Calculate a sorting score for root nodes.

Parameters:

Name	Type	Description	Default
`node`	`Node`	Root node to obtain a score for.	required
`kind_order`	`Dict[str, int]`	Node kind to position dictionary.	required
`sort_by_width`	`bool`	Whether to sort nodes by width in terms of leaf nodes.	required
`width_cache`	`Optional[Dict[Node, int]]`	Node to node width cache.	`None`

Returns:

Type	Description
`Union[int, Tuple[int, int]]`	Root node sorting key.

Note

Sort by kinds first, width in terms of actual (not display) leaf nodes second.

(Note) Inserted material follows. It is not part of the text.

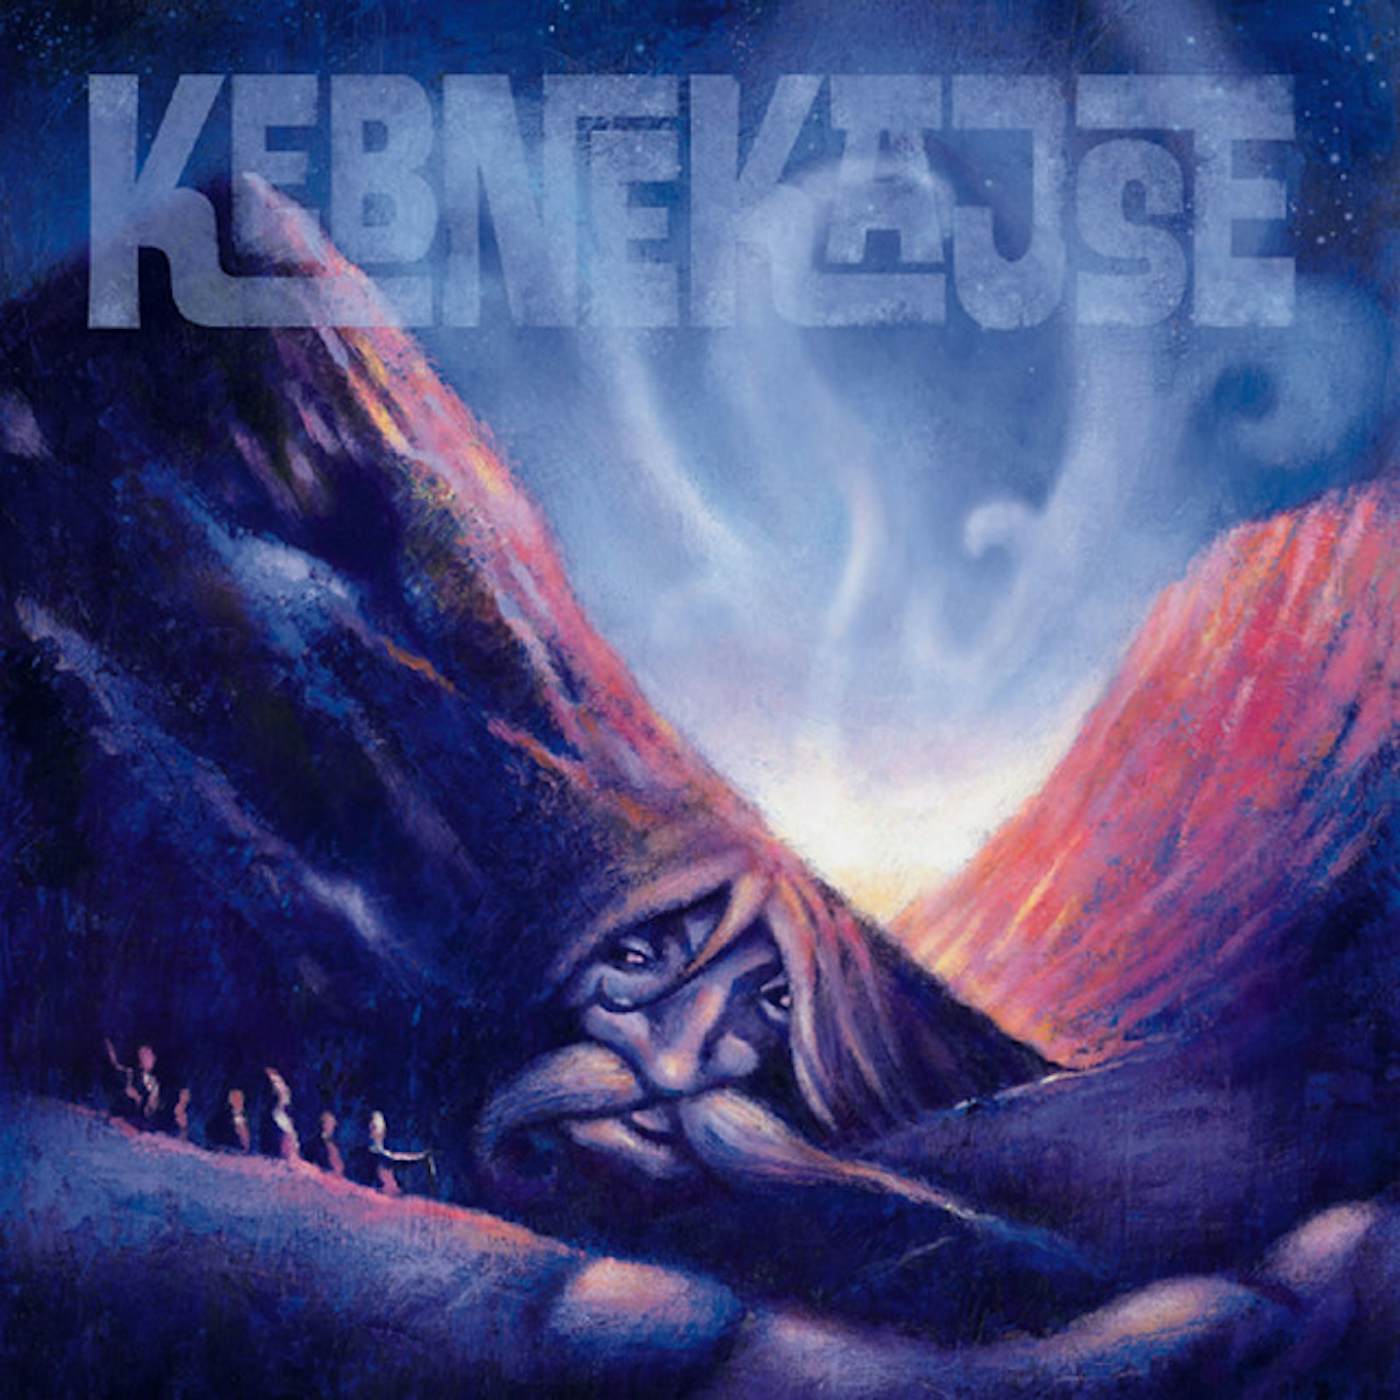 Kebnekajse Vinyl Record

Source code in ragraph/analysis/sequence/_axis.py

def get_root_key(
    node: Node,
    kind_order: Dict[str, int],
    sort_by_width: bool,
    width_cache: Optional[Dict[Node, int]] = None,
) -> Union[int, Tuple[int, int]]:
    """Calculate a sorting score for root nodes.

    Arguments:
        node: Root node to obtain a score for.
        kind_order: Node kind to position dictionary.
        sort_by_width: Whether to sort nodes by width in terms of leaf nodes.
        width_cache: Node to node width cache.

    Returns:
        Root node sorting key.

    Note:
        Sort by kinds first, width in terms of actual (not display) leaf nodes second.
    """
    if sort_by_width:
        return (
            kind_order[node.kind],
            -get_width(node, width_cache),
        )
    else:
        return kind_order[node.kind]

get_roots ¶

get_roots(
    nodes: Iterable[Node],
    root_cache: Optional[Dict[Node, Node]] = None,
    child_cache: Optional[Dict[Node, List[Node]]] = None,
) -> List[Node]

Get list of root nodes corresponding to some collection of nodes.

Parameters:

Name	Type	Description	Default
`nodes`	`Iterable[Node]`	Collection of nodes to find corresponding root nodes for.	required
`root_cache`	`Optional[Dict[Node, Node]]`	Node to resulting root node cache. Any supplied dictionary will be updated in-place.	`None`
`child_cache`	`Optional[Dict[Node, List[Node]]]`	Node to child nodes that have been seen cache. Any supplied dictionary will be updated in-place.	`None`

Returns:

Type	Description
`List[Node]`	Root nodes.

Note

Supply cache dictionaries to store intermediate results.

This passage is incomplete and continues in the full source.